See [viewer/index.html](viewer/index.html) for the minimal browser-based trace viewer.
For the smoothest viewer workflow:
```bash
PYTHONPATH=src python -m synaptopus ./artifacts --demo parity_pressure
python -m http.server 8000
```
Then load `http://127.0.0.1:8000/artifacts/manifest.json` in the viewer's manifest URL field.

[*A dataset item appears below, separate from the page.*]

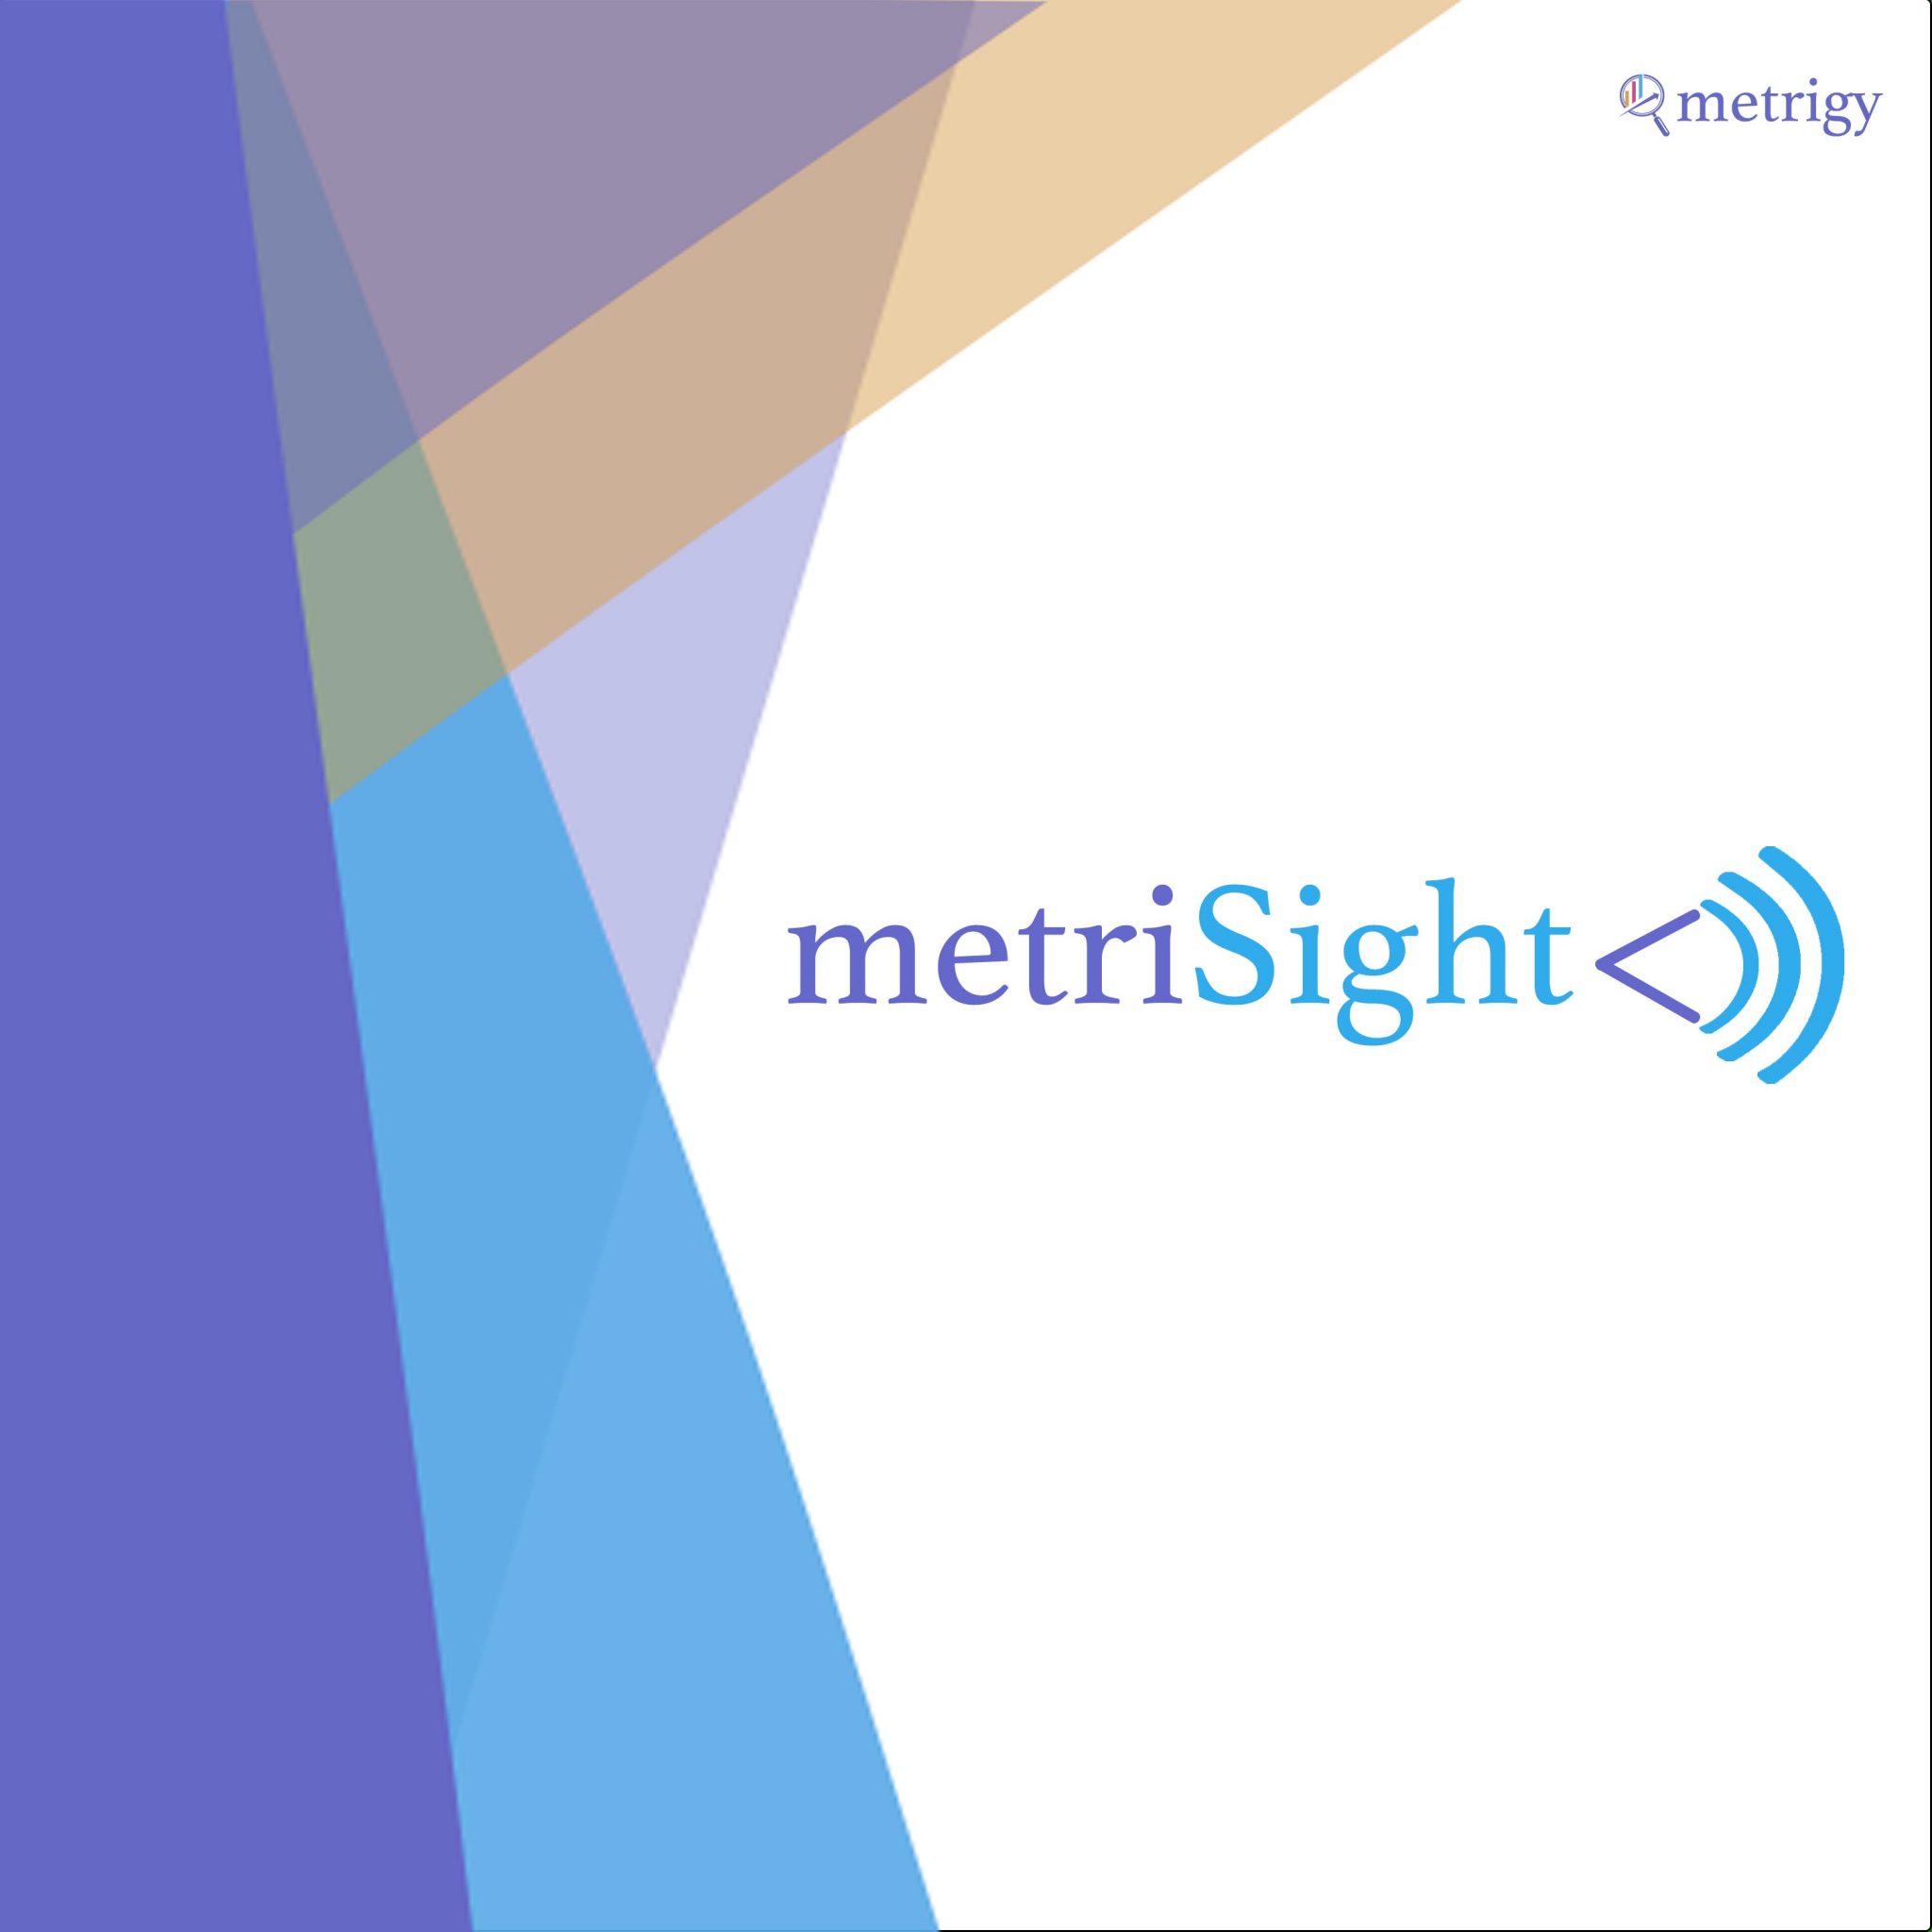 MetriSight Ep.32 - Metrigy's Latest Workplace Collaboration Data

If you want a checkpointable run artifact as well:
```bash
PYTHONPATH=src python -m synaptopus ./artifacts \
--demo parity_pressure \
--accepted-count 4 \
--snapshot-after-accepted 2
```
That writes `snapshot.json` alongside the graph, trace, report, and manifest artifacts. The snapshot captures the demo state plus mutable network internals so the run can be resumed later rather than replayed from scratch.
## Planned Scope
- reusable architecture interfaces
- generic network implementations
- mixed-family example systems
- domain adapters and example tasks
- execution tracing and information-theoretic analysis
- visual tooling for inspecting interacting systems
- a future JavaScript and web-based driver
## Repository Layout
```text
src/synaptopus/ package code
docs/ project notes, provenance, and architecture documents
```
## Status
This repository is now past the pure-scaffold stage. It contains the first generic runtime, reporting, serialization, graph, backpropagation, ART1, and Hopfield layers, plus internal mixed-family demos built on the generic orchestration model. The exporter can emit artifacts for more than one internal demo and can now save checkpointable snapshot artifacts for later resume, while the thesis-derived Python implementation remains the historical reference for the first complete hybrid system.